Widespread support for proposed Queens district

Ridgewood North Historic District. Image: LPC.

Early 20th-century development in Ridgewood served as home to German community. On December 16, 2008, Landmarks held a hearing on the potential designation of a historic district in Ridgewood, Queens. The district would encompass 91 buildings built between 1908 and 1911 by developer Gustave Mathews and local architect Louis Allmendinger. Constructed by local craftsmen, the Renaissance and Romanesque Revival four-story apartment buildings, which characterize the district, feature yellow brick facades, ornamental metal cornices, and decorative brick work. Many of the buildings retain their original cut-glass door and wrought-iron railings on the stoops.

The development, in its early years, primarily housed German immigrants. Many of the residents worked in skilled trades, and moving to Ridgewood constituted an upward progression from the tenements of the Lower East Side and Brooklyn. Previously farmland, the neighborhood became accessible through trolley lines and, later on, the elevated train. At the time of their construction, Ridgewood apartment buildings, with their large air wells and high-quality construction, embodied a higher standard for working class housing.

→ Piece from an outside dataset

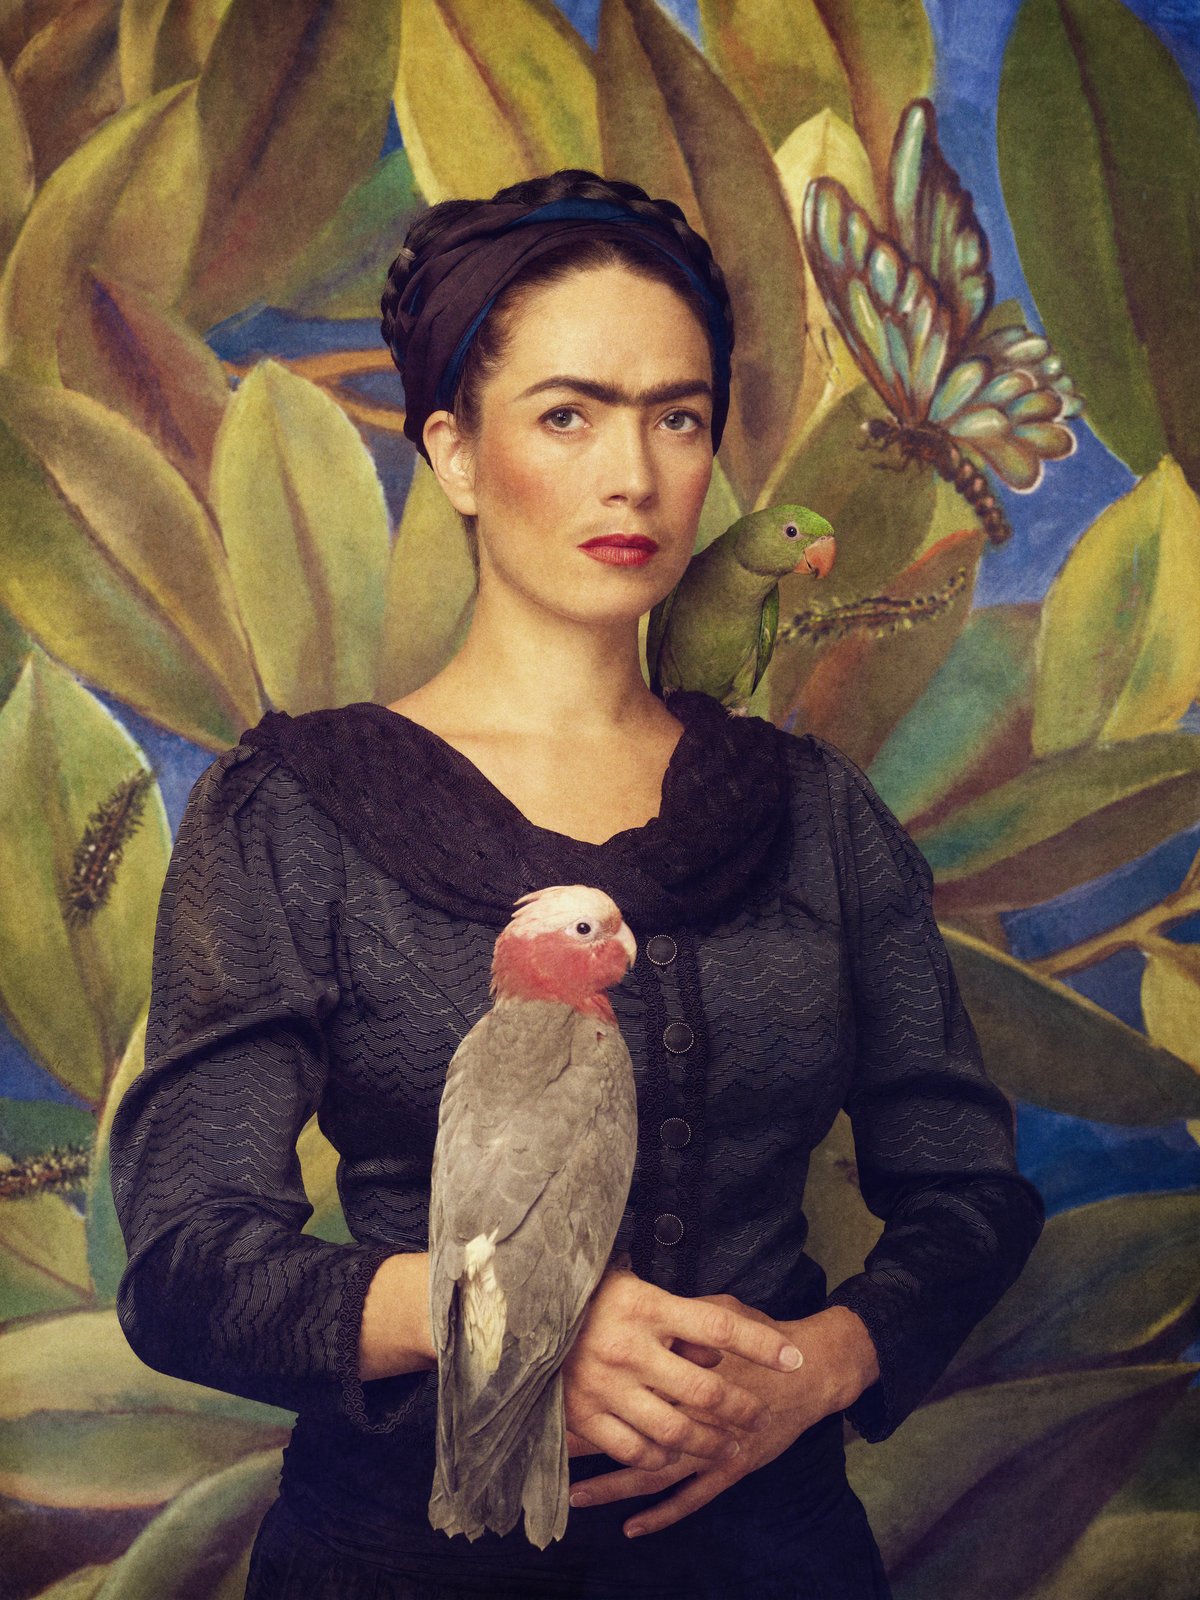 Tereza Kostková (38) – Frida Kahlo Mexická malířka z počátku 20. století. Byla manželkou malíře Diega Rivery a milenkou komunistického revolucionáře Lva Trockého.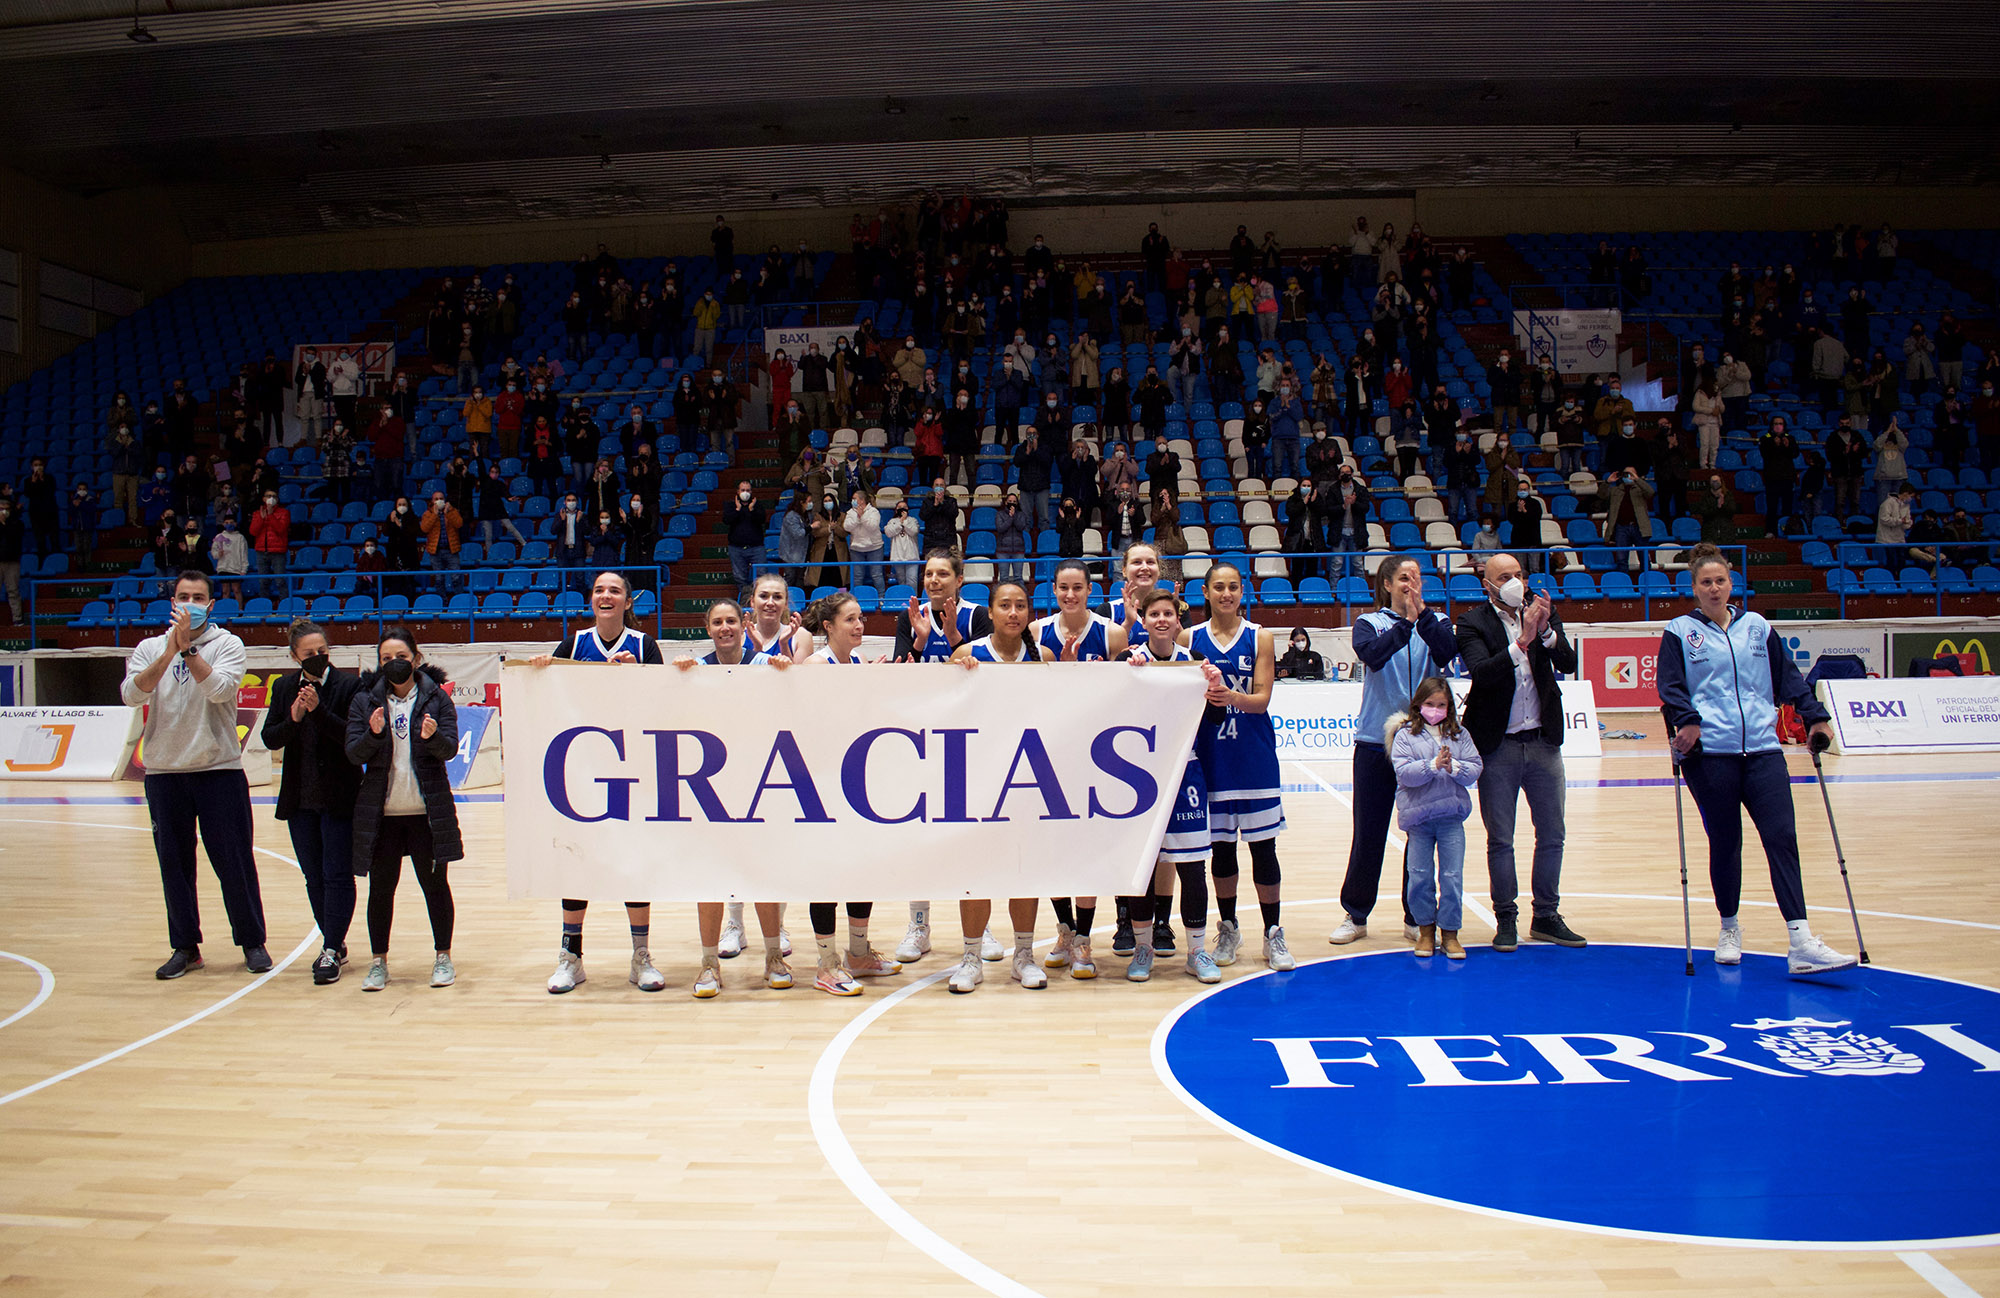 O BAXI Ferrol agradece á súa afección o apoio no seu último partido na Malata deste curso / UNIVERSITARIO FERROL

Landmarks’ research department noted that the caliber of materials and workmanship “attest to the excellent architectural integrity of these buildings nearly a century later.”

Speakers supporting the project included Council Member-elect Elizabeth Crowley, who praised the buildings as unique and possessing “a tremendous amount of integrity.” Paul Kezner, of the Ridgewood Property Owners’ Association, testified that he “wholeheartedly” supported designation, and spoke of the history of the district, including the German beer barons who owned the nearby Schaefer and Rheingold breweries and their employees who lived in Ridgewood. The Historic District Council’s Simeon Bankoff voiced support for designation, but suggested that the district’s boundaries be extended, noting that approximately 3,000 units in the area, as a whole, created “a truly distinct sense of place.” Council Member Diane Reyna also sent a letter in support of designation.

Landmarks has not set a date for Commissioner discussion or vote.

LPC: Ridgewood North Historic District, Queens (LP-2319) (Dec. 16, 2008).